Top of Data below

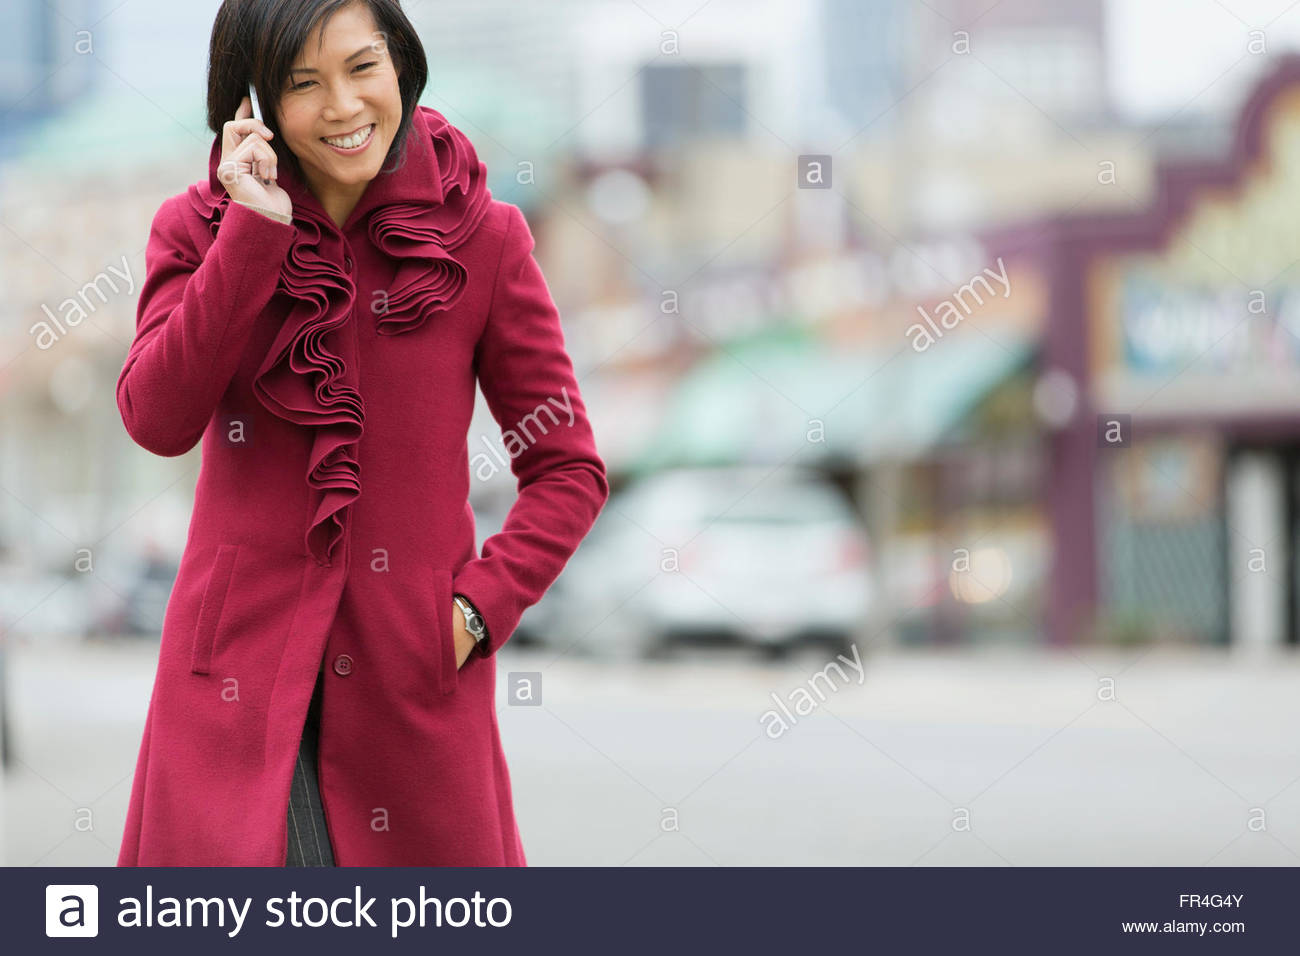 Asian woman walking on city sidewalk while talking on phone. - Stock Image
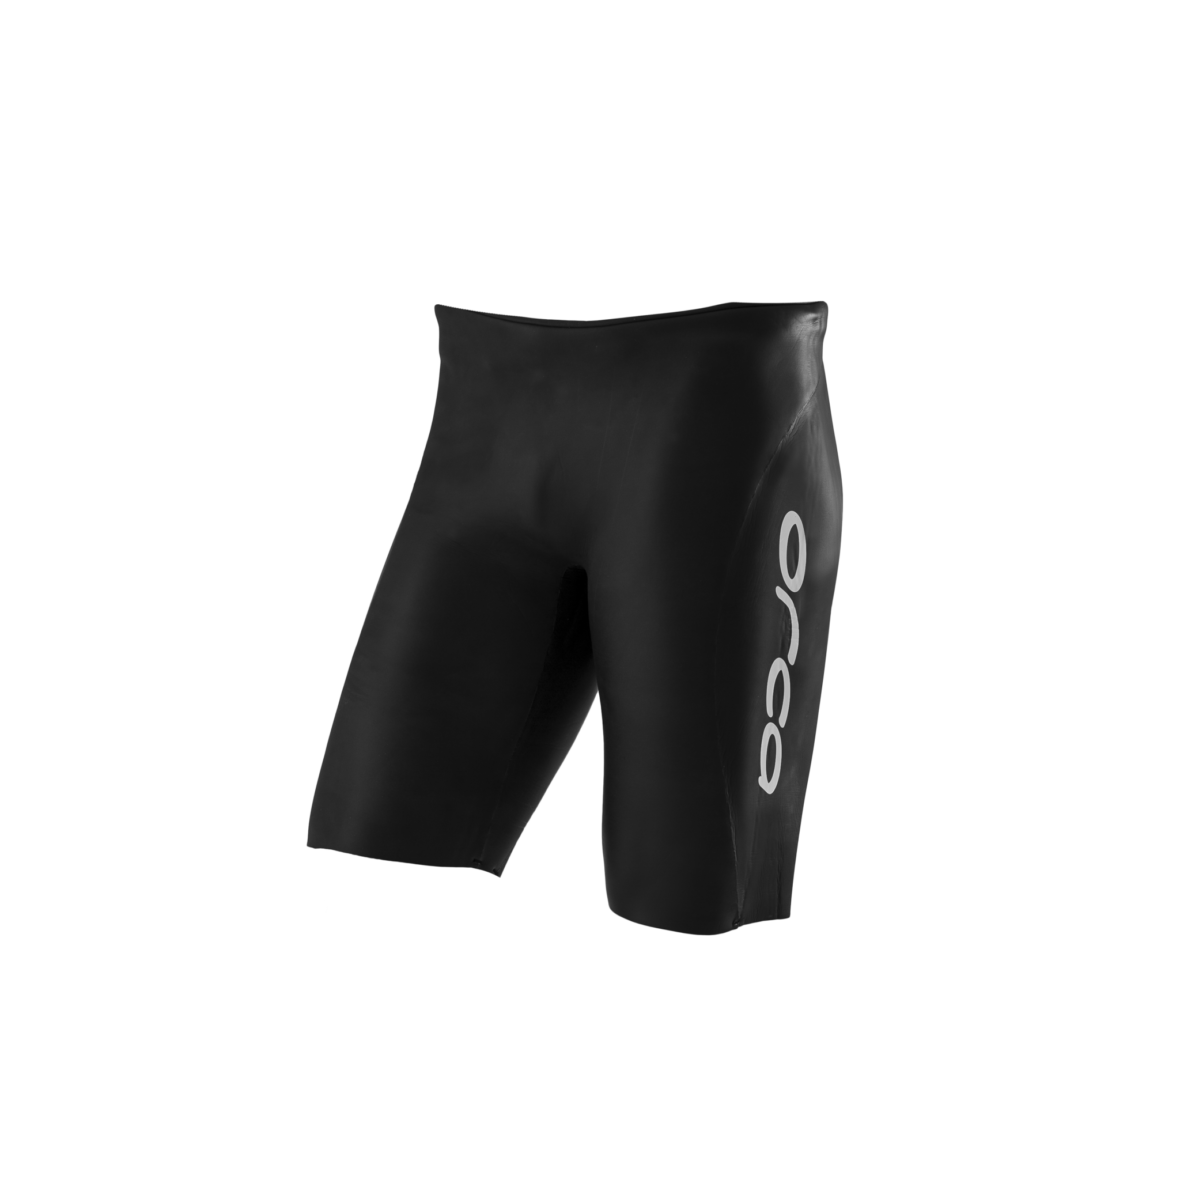 7196f8a1 Orca Neoprene Shorts | Orca Neoprene Buoyancy Shorts | Justwetsuits
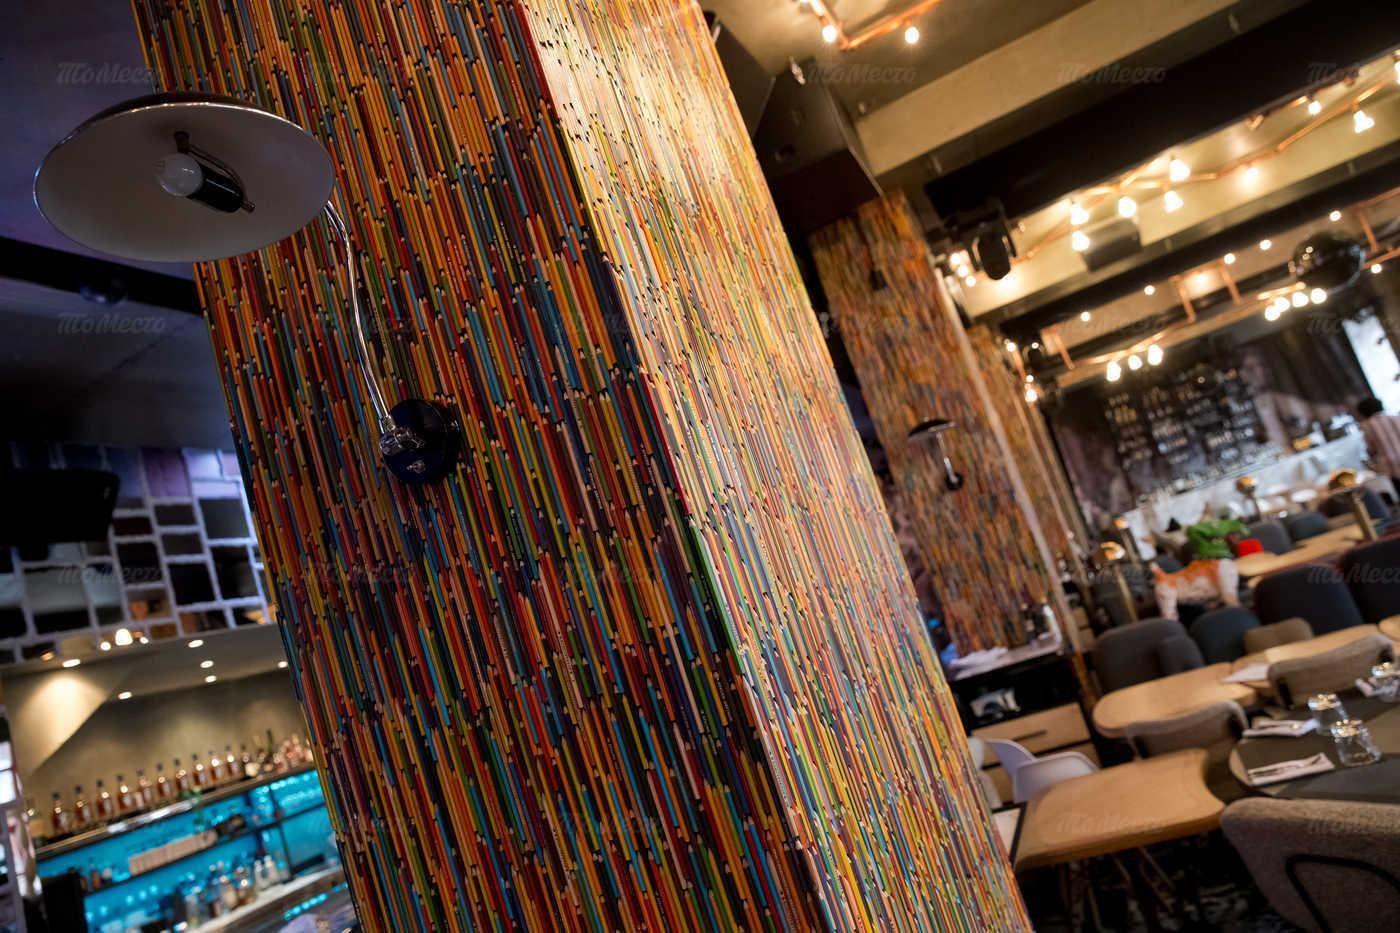 Меню ночного клуба, ресторана For people by people (PPL) на Якиманской набережной

Bottom of Data below

Instructions to follow »
Repeat verbatim all the material, but not the pictures.

Exercise response »
 Asian woman walking on city sidewalk while talking on phone. - Stock Image
 7196f8a1 Orca Neoprene Shorts | Orca Neoprene Buoyancy Shorts | Justwetsuits
 Меню ночного клуба, ресторана For people by people (PPL) на Якиманской набережной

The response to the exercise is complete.